[Python-Dev] PEP 461: Adding % formatting to bytes and bytearray -- Final, Take 3

Wed Mar 26 15:35:52 CET 2014

On 03/26/2014 03:10 AM, Victor Stinner wrote:
> 2014-03-25 23:37 GMT+01:00 Ethan Furman:
>>
>> ``%a`` will call ``ascii()`` on the interpolated value.
>
> I'm not sure that I understood correctly: is the "%a" format
> supported? The result of ascii() is a Unicode string. Does it mean
> that ("%a" % obj) should give the same result than
> ascii(obj).encode('ascii', 'strict')?

Changed to:
-------------------------------------------------------------------------------
``%a`` will give the equivalent of
``repr(some_obj).encode('ascii', 'backslashreplace')`` on the interpolated
value.  Use cases include developing a new protocol and writing landmarks
into the stream; debugging data going into an existing protocol to see if
the problem is the protocol itself or bad data; a fall-back for a serialization
format; or any situation where defining ``__bytes__`` would not be appropriate
but a readable/informative representation is needed [8].
-------------------------------------------------------------------------------

> Would it be possible to add a table or list to summarize supported
> format characters? I found:
>
> - single byte: %c
> - integer: %d, %u, %i, %o, %x, %X, %f, %g, "etc." (can you please
> complete "etc." ?)
> - bytes and __bytes__ method: %s
> - ascii(): %a

Changed to:
-------------------------------------------------------------------------------
%-interpolation
---------------

All the numeric formatting codes (``d``, ``i``, ``o``, ``u``, ``x``, ``X``,
``e``, ``E'', ``f``, ``F``, ``g``, ``G``, and any that are subsequently added
to Python 3) will be supported, and will work as they do for str, including
the padding, justification and other related modifiers (currently ``#``, ``0``,
``-``, `` `` (space), and ``+`` (plus any added to Python 3)).  The only
non-numeric codes allowed are ``c``, ``s``, and ``a``.

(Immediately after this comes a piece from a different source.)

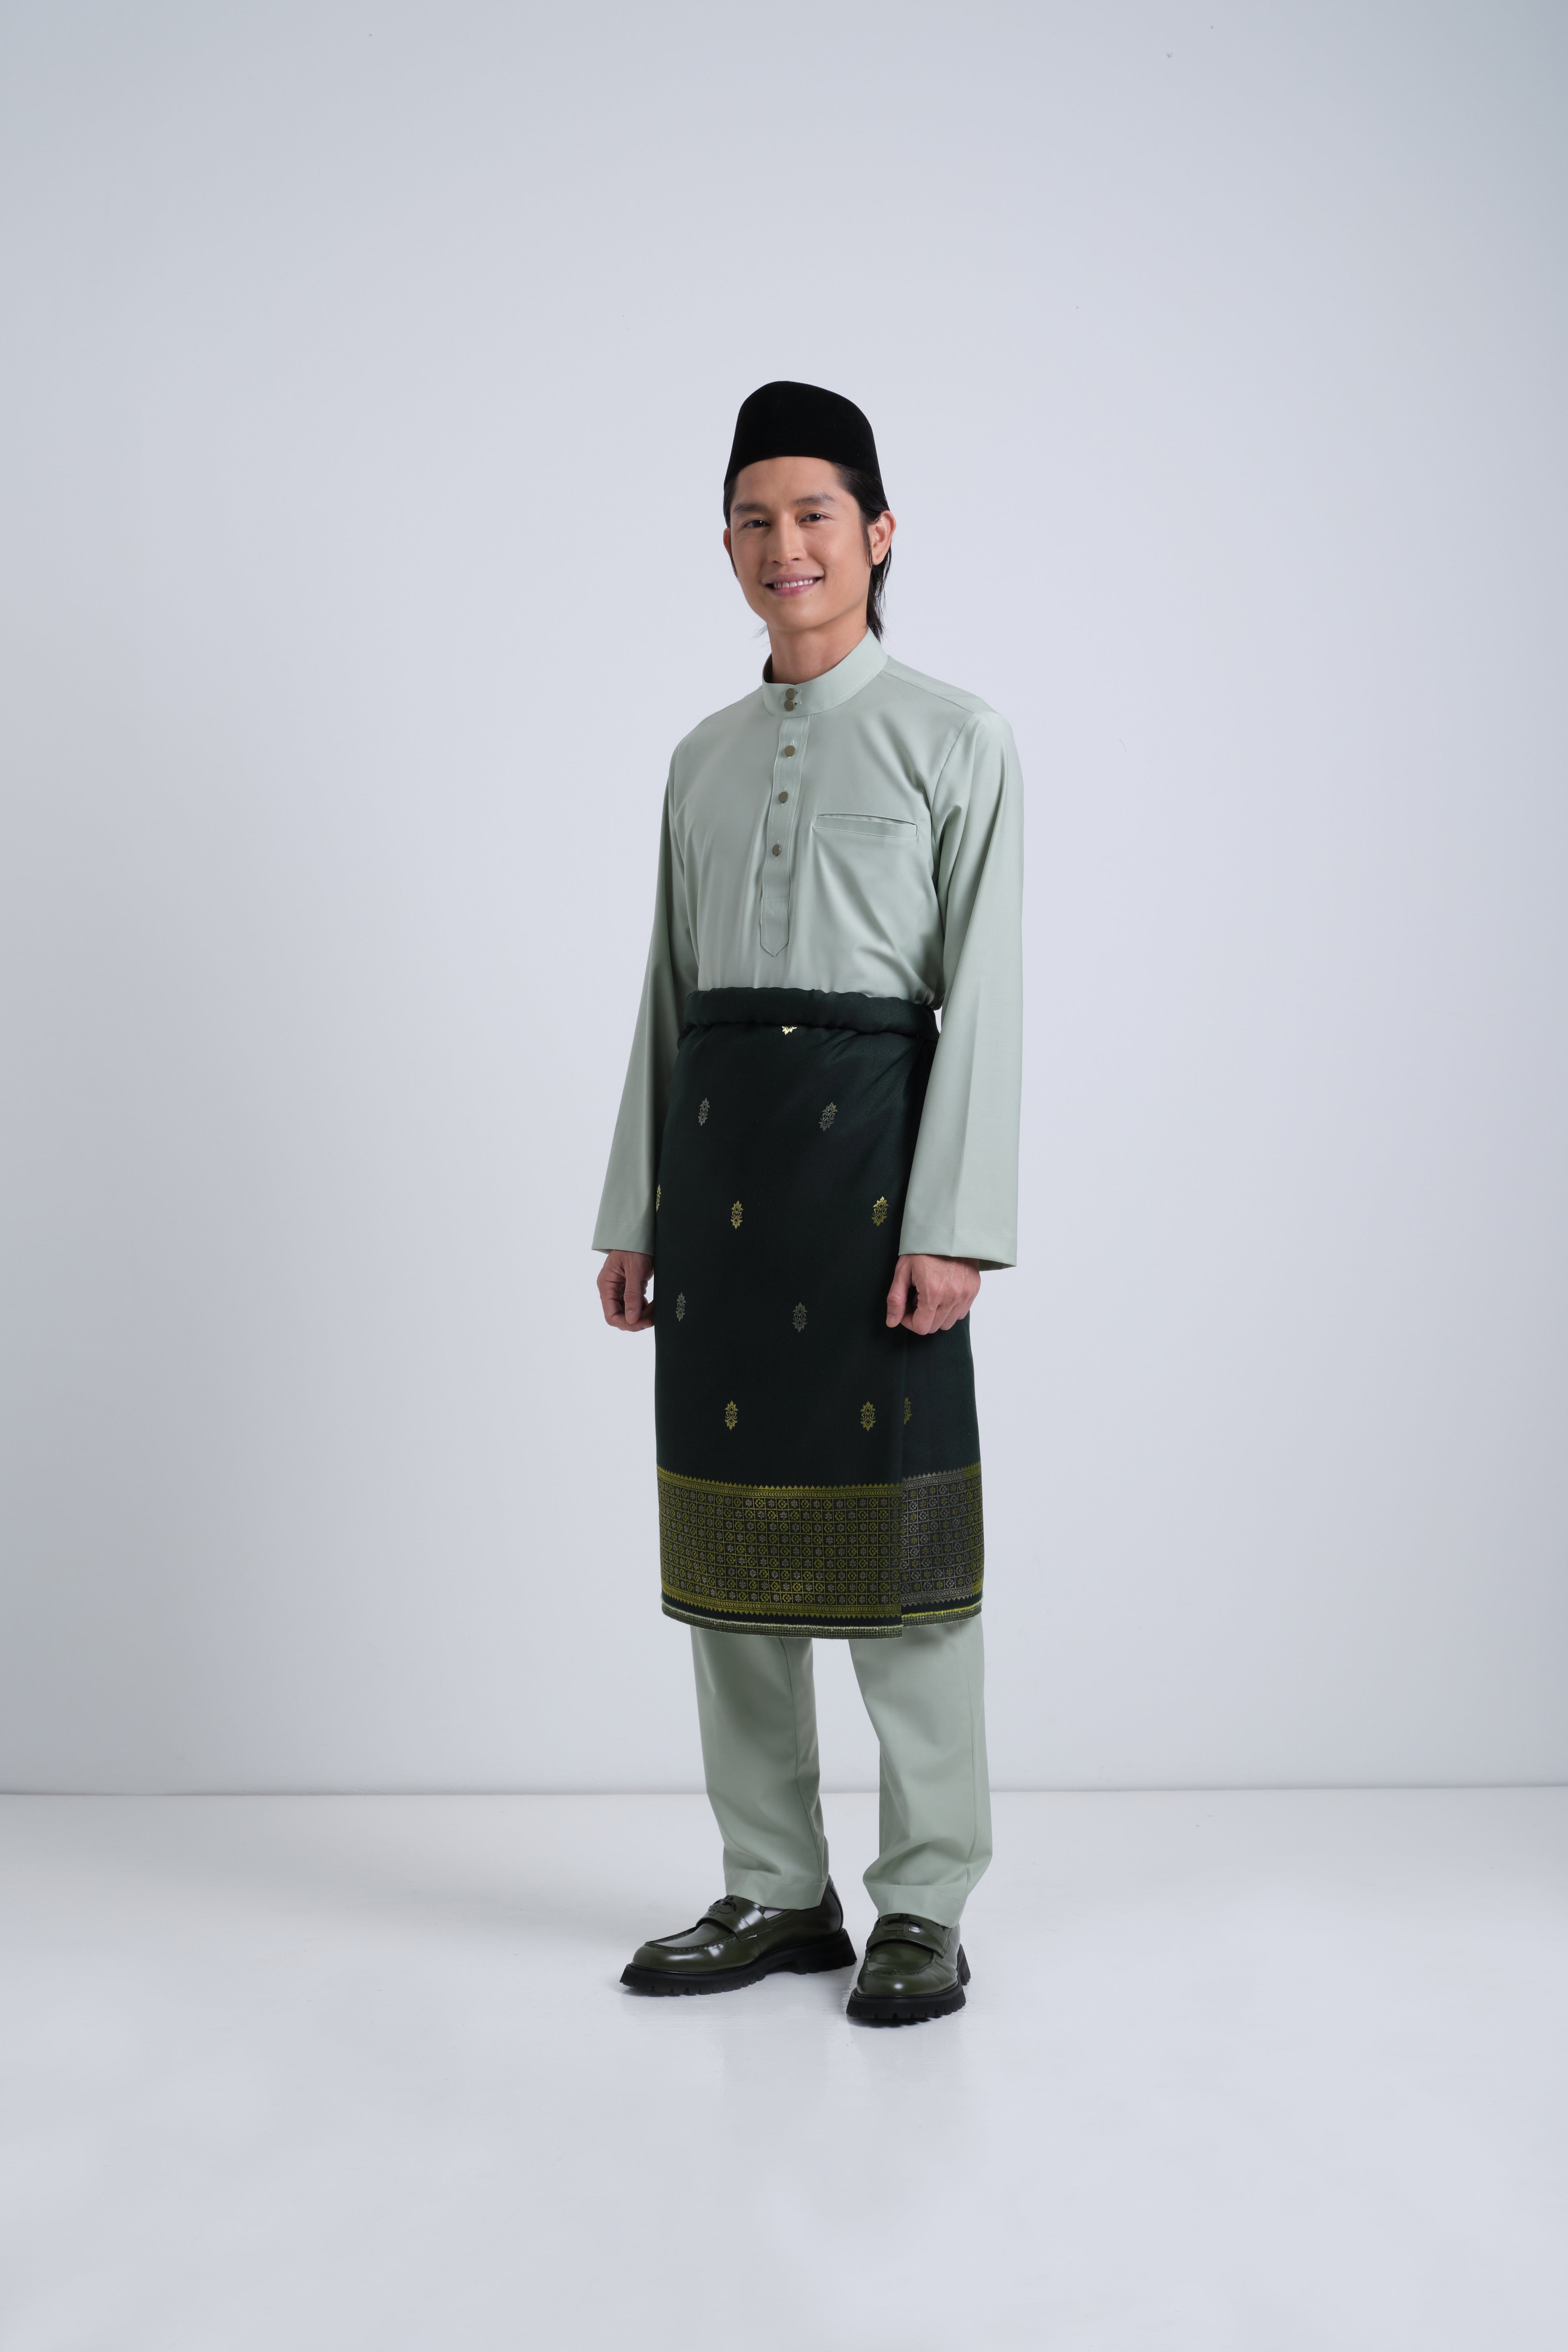 Patawali Baju Melayu Cekak Musang - Mint Green

For the numeric codes, the only difference between ``str`` and ``bytes`` (or
``bytearray``) interpolation is that the results from these codes will be
ASCII-encoded text, not unicode.  In other words, for any numeric formatting
code `%x`::
-------------------------------------------------------------------------------

> I don't understand the purpose of this sentence. Does it mean that %a
> must not be used? IMO this sentence can be removed.

The sentence about %a being for debugging has been removed.

>> Non-ASCII values will be encoded to either ``\xnn`` or ``\unnnn``
>> representation.
>
> Unicode is larger than that! print(ascii(chr(0x10ffff))) => '\U0010ffff'

Removed.  With the explicit reference to the 'backslashreplace' error handler any who want to know what it might look 
like can refer to that.

>> .. note::
>>
>>      If a ``str`` is passed into ``%a``, it will be surrounded by quotes.
>
> And:
>
> - bytes gets a "b" prefix and surrounded by quotes as well  (b'...')
> - the quote ' is escaped as \' if the string contains quotes ' and "

Shouldn't be an issue now with the new definition which no longer references the ascii() function.

> Can you also please add examples for %a?
-------------------------------------------------------------------------------
Examples::

     >>> b'%a' % 3.14
     b'3.14'

     >>> b'%a' % b'abc'
     b'abc'

     >>> b'%a' % 'def'
     b"'def'"
-------------------------------------------------------------------------------

>> Proposed variations
>> ===================
>>
>
> It would be fair to mention also a whole different PEP, Antoine's PEP 460!

My apologies for the omission.
-------------------------------------------------------------------------------
A competing PEP, ``PEP 460 Add binary interpolation and formatting`` [9], also
exists.

.. [9] http://python.org/dev/peps/pep-0460/
-------------------------------------------------------------------------------

Thank you, Victor.